- _EXERCISE DETAILS_:
Output nothing except the lines from the one containing "IWC Da Vinci" through the final line of the data, both included, typed exactly, minus the pictures.

━━━ EXERCISE INPUTS

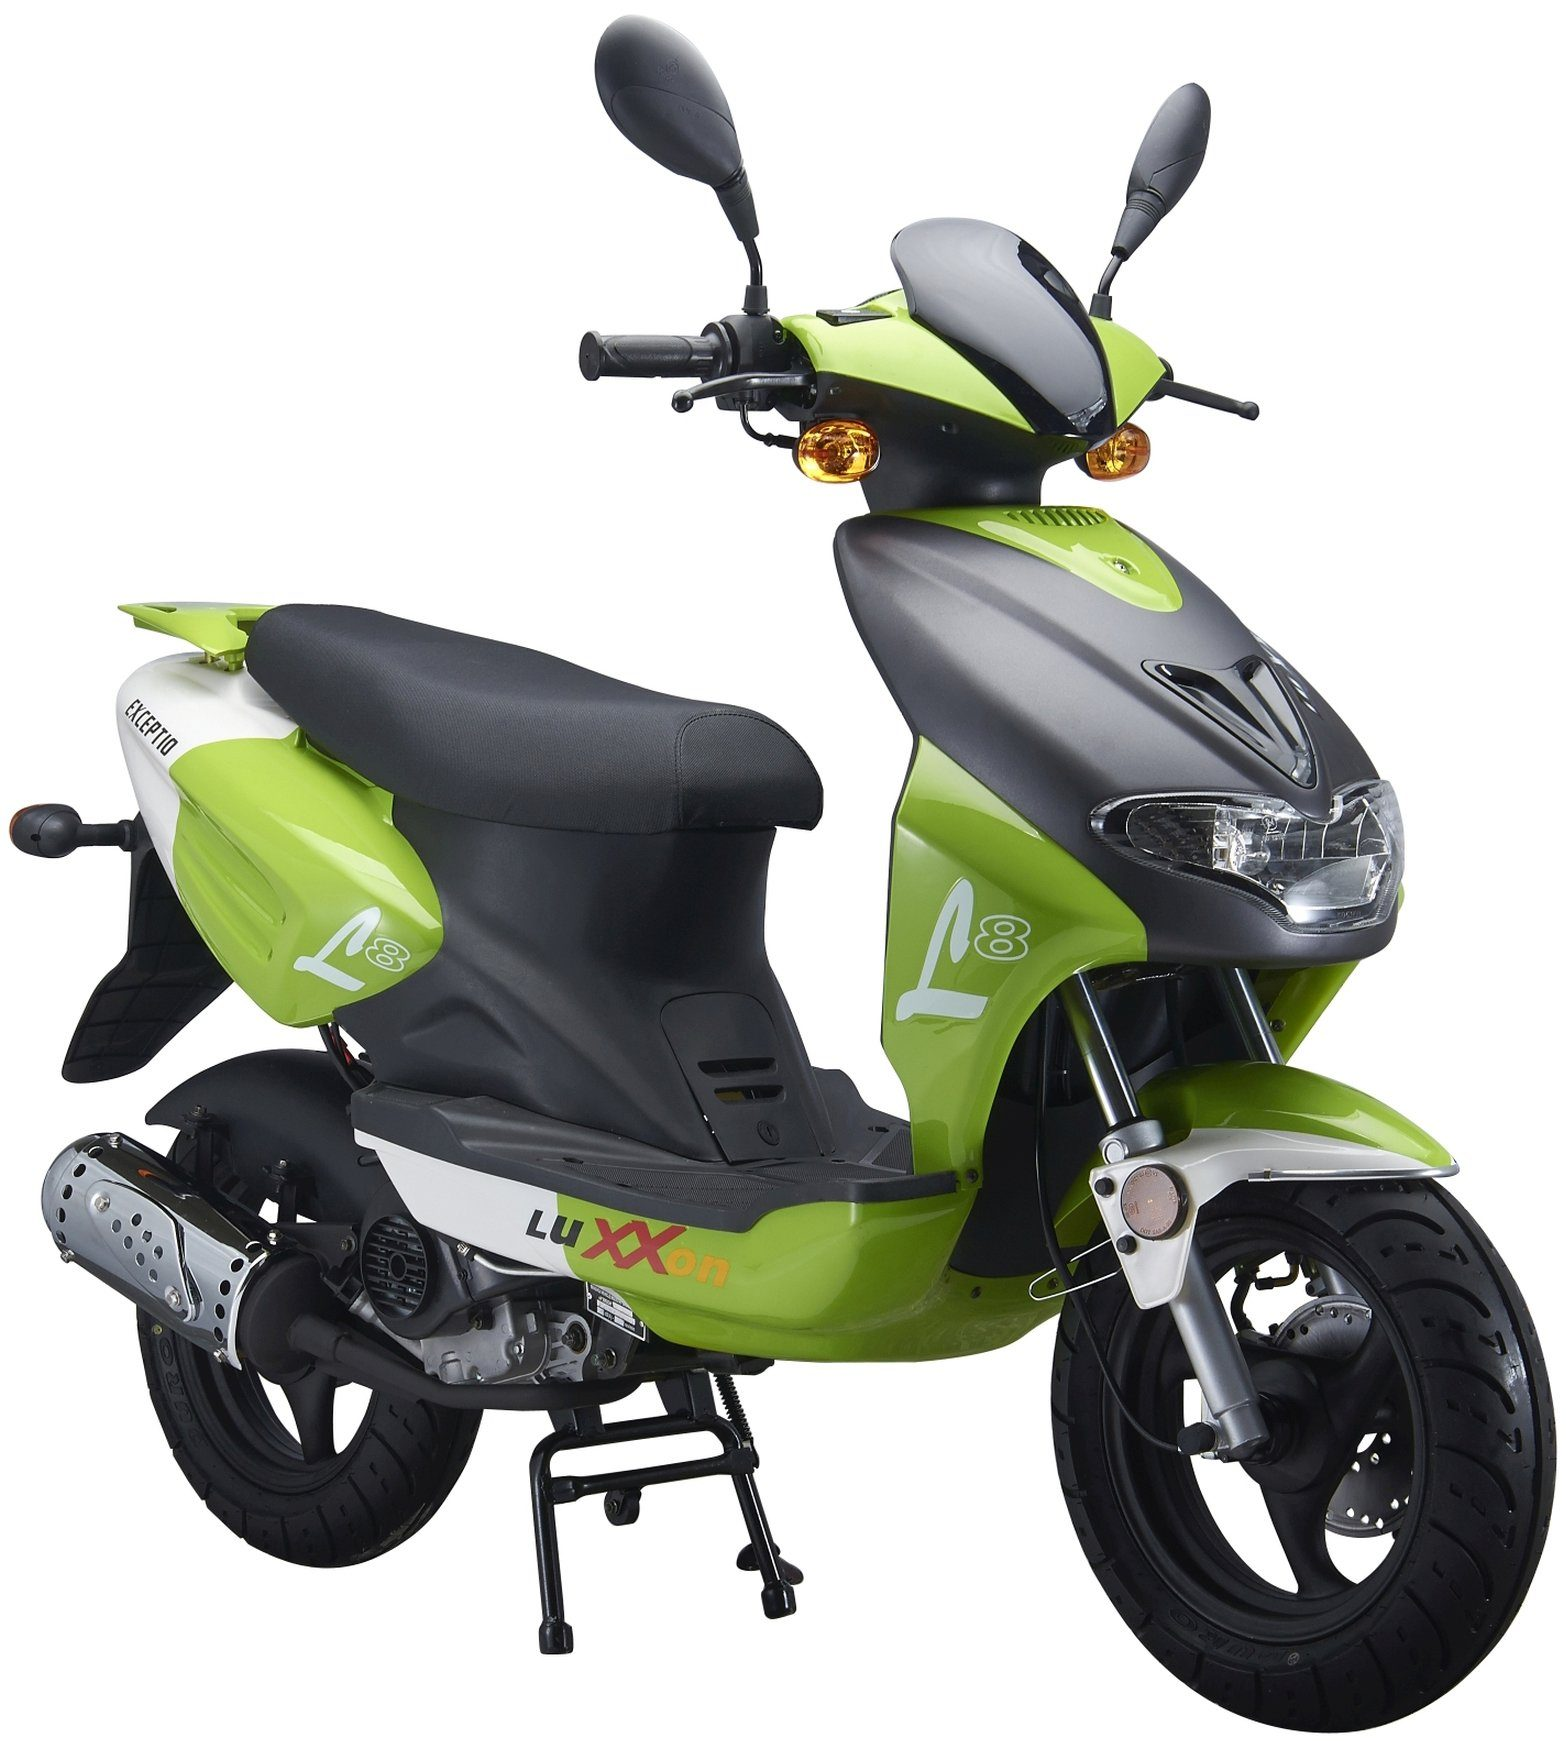 Luxxon Motorroller, 50 ccm, 45 km/h, »Exceptio«
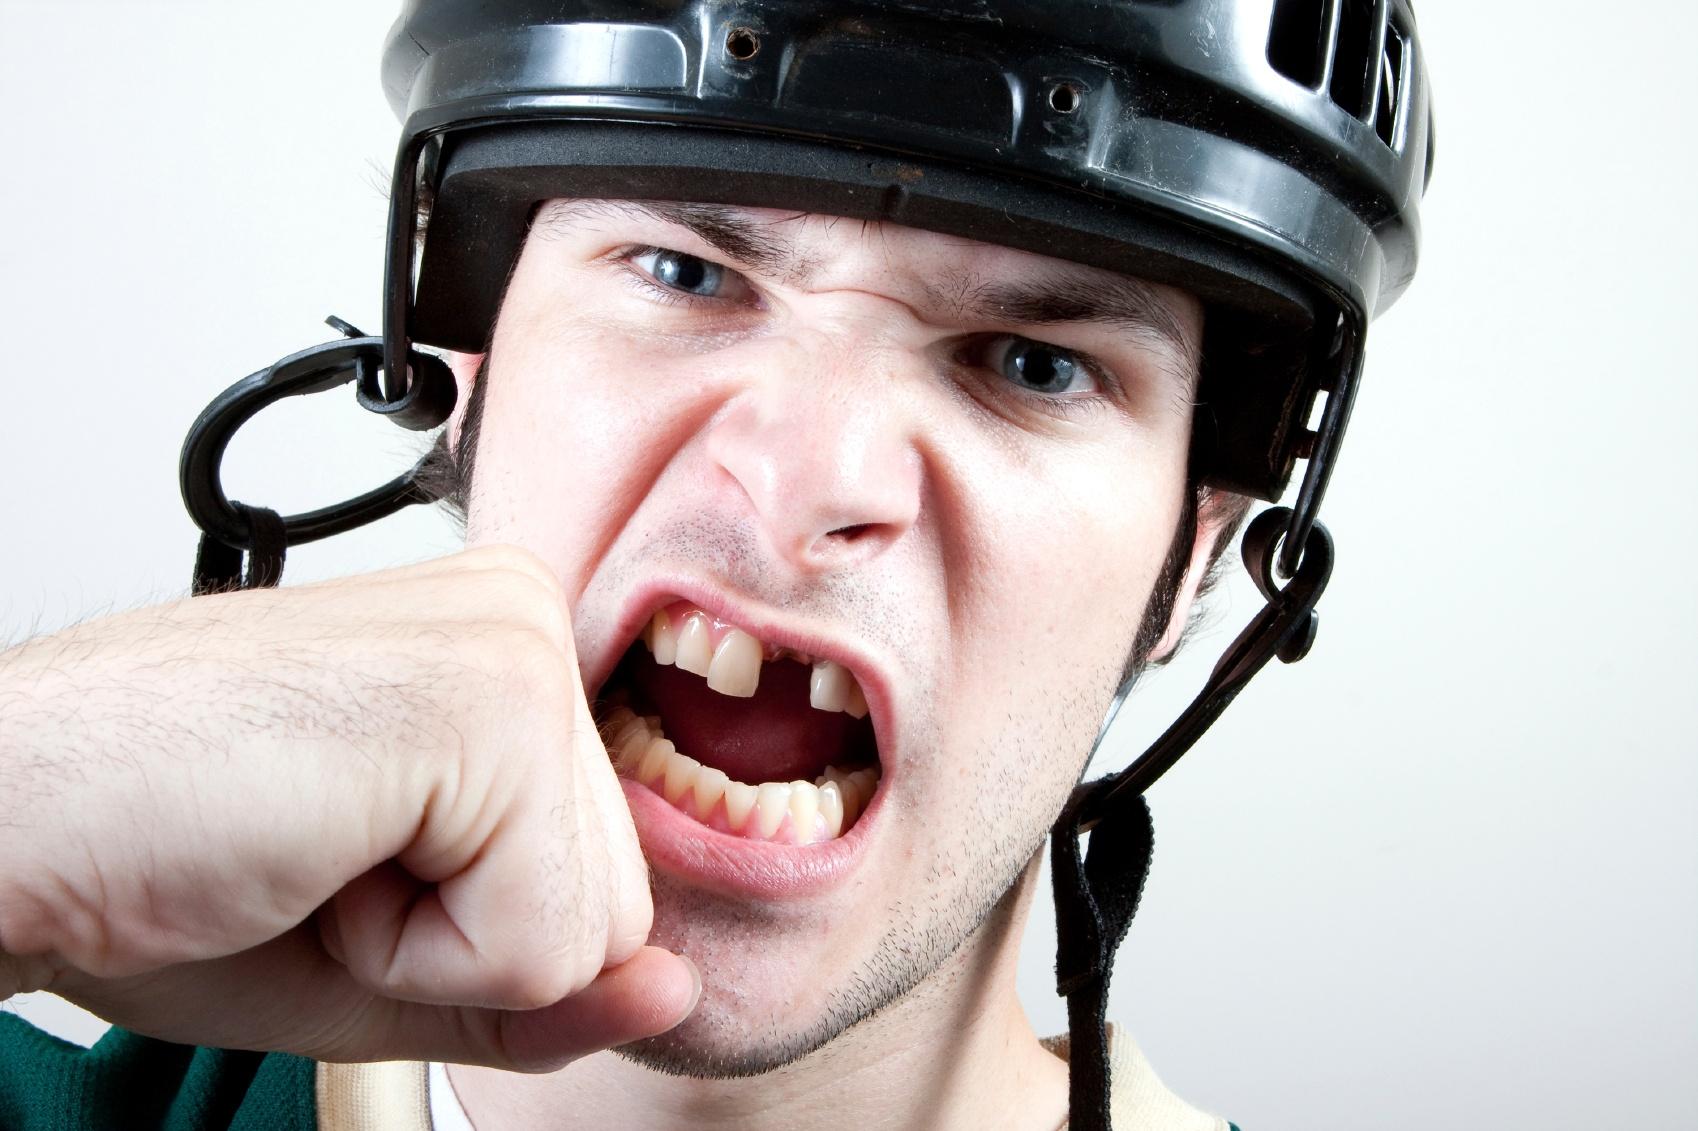 hockey mouth guard teeth
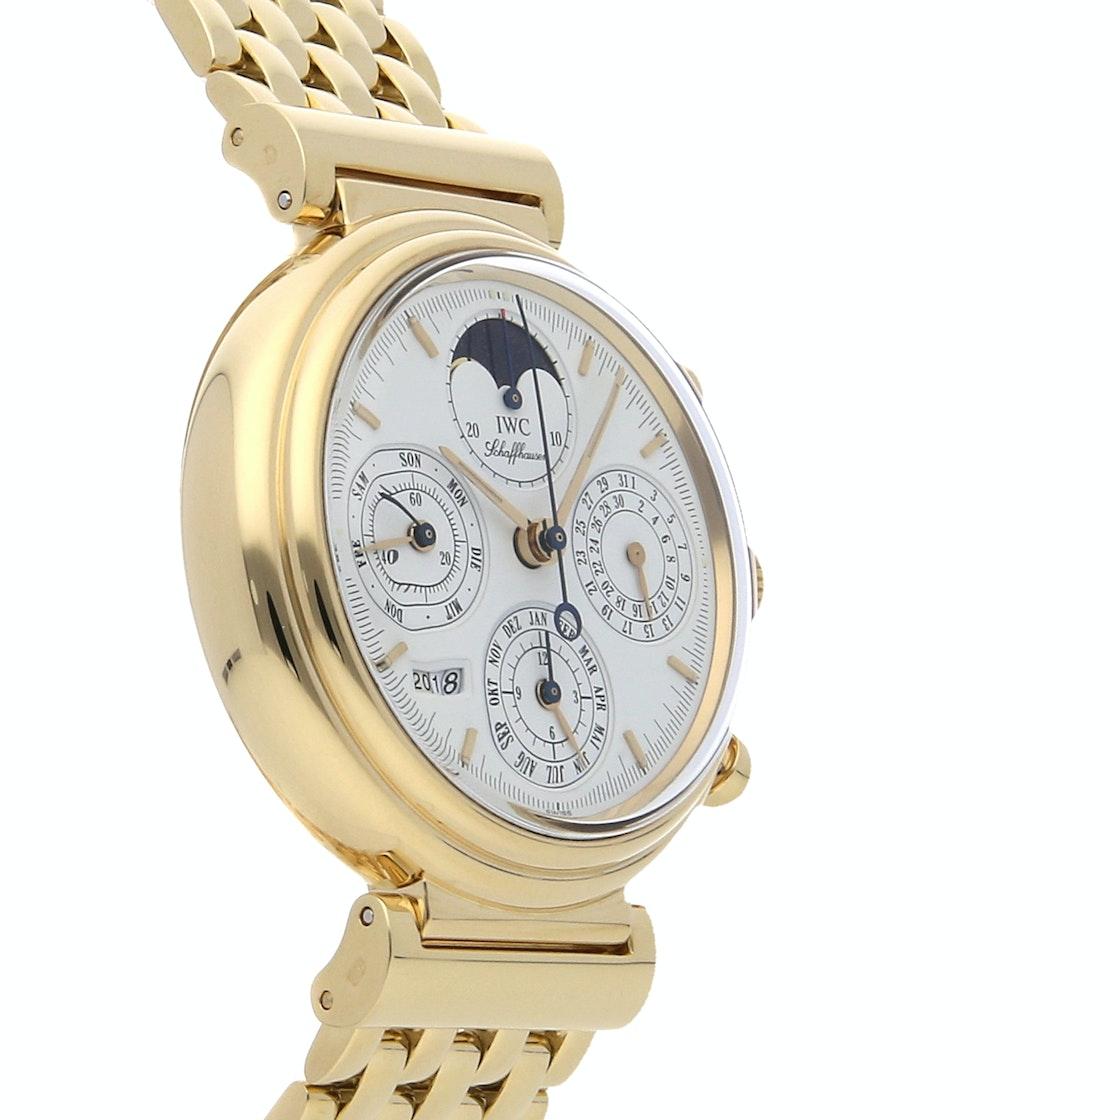 IWC Da Vinci Perpetual Calendar Chronograph IW9252-01
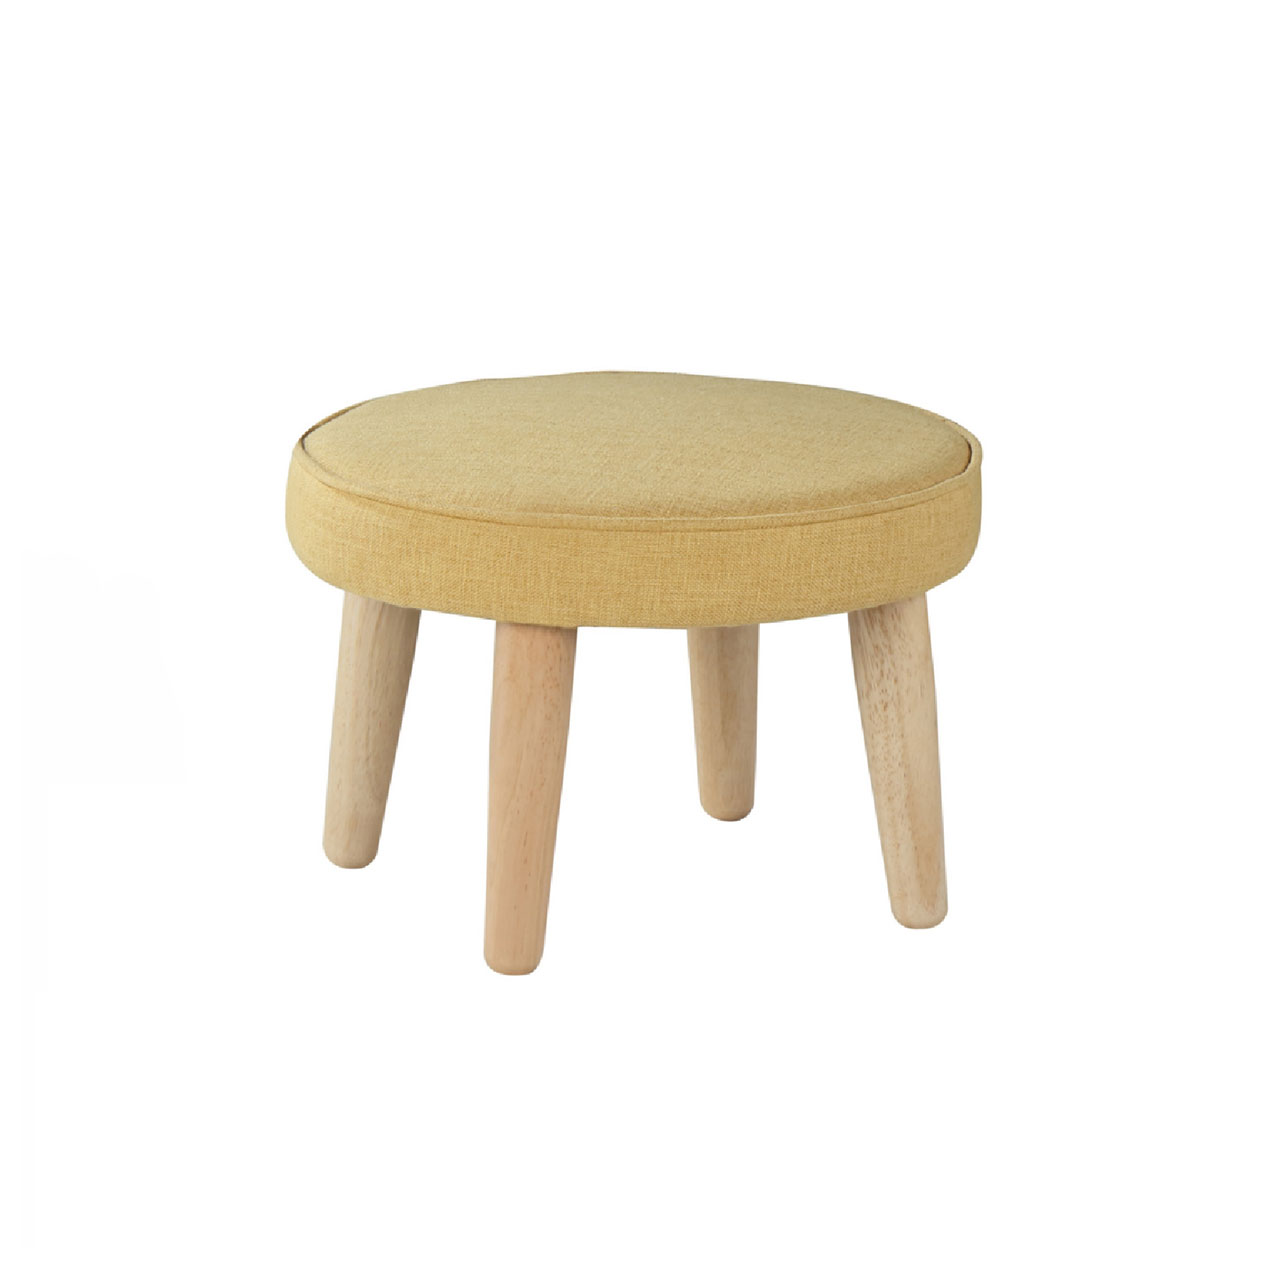 stool chair ph exercise gif ophelia furniture store manila philippines urban
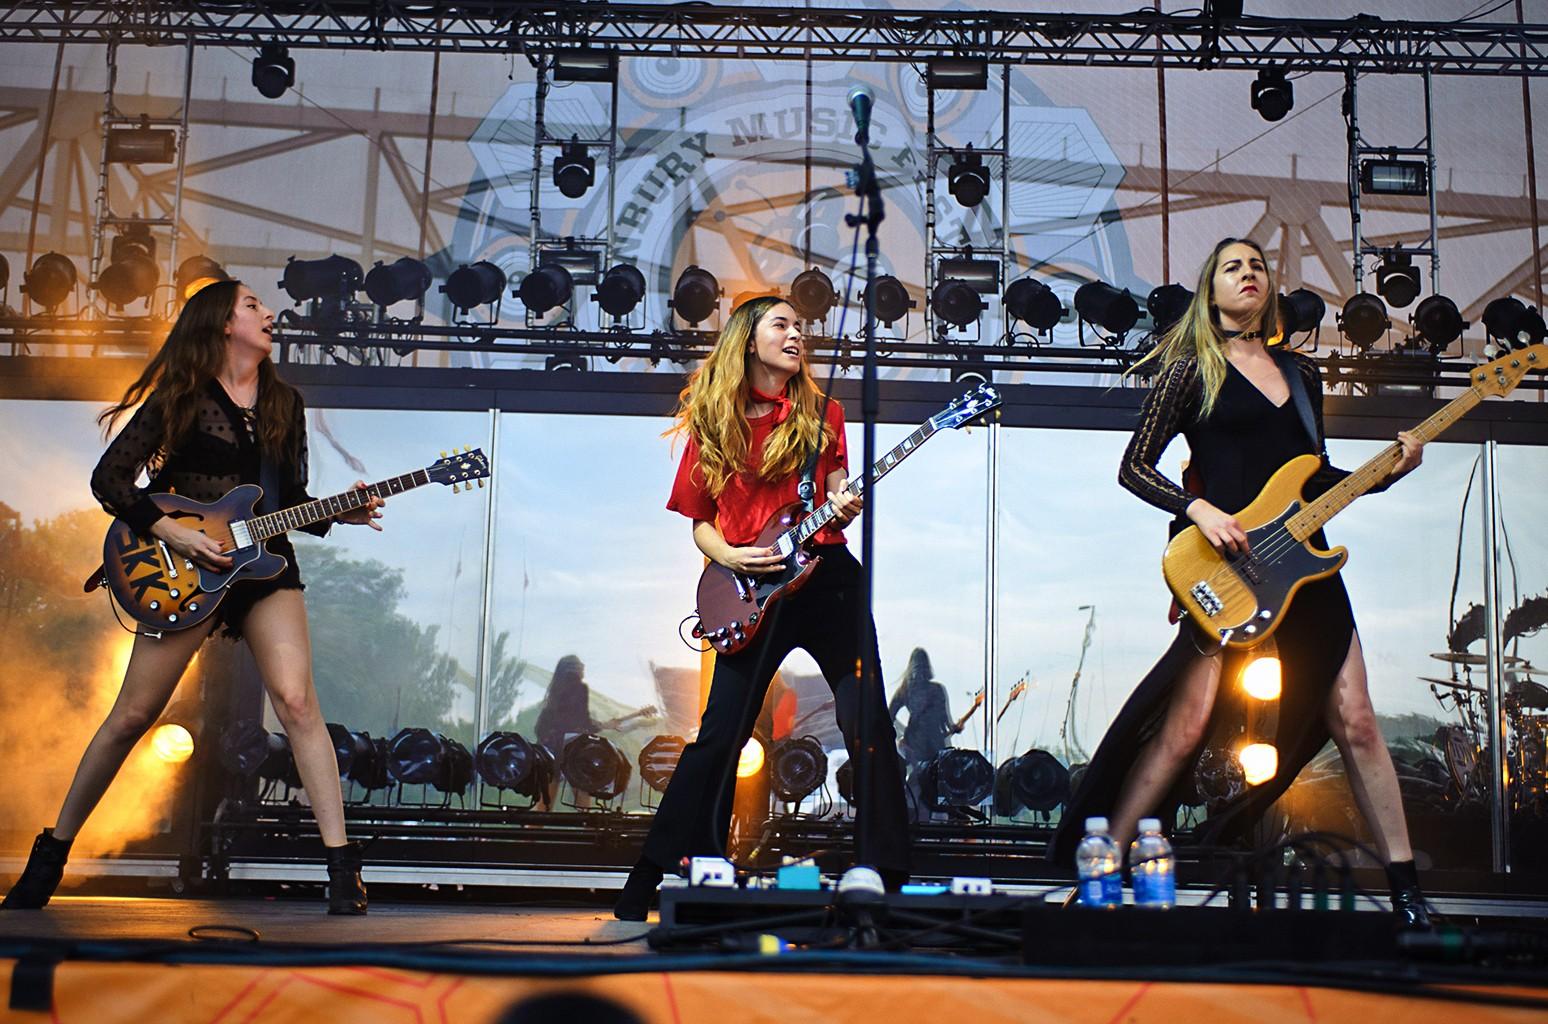 Danielle, Alana and Este Haim of Haim performs performs at the Bunbury Festival on June 3, 2016 in Cincinnati, Ohio.

━━━━━━

- _OUTPUT OF THE TASK_:
 IWC Da Vinci Perpetual Calendar Chronograph IW9252-01
 stool chair ph exercise gif ophelia furniture store manila philippines urban
 Danielle, Alana and Este Haim of Haim performs performs at the Bunbury Festival on June 3, 2016 in Cincinnati, Ohio.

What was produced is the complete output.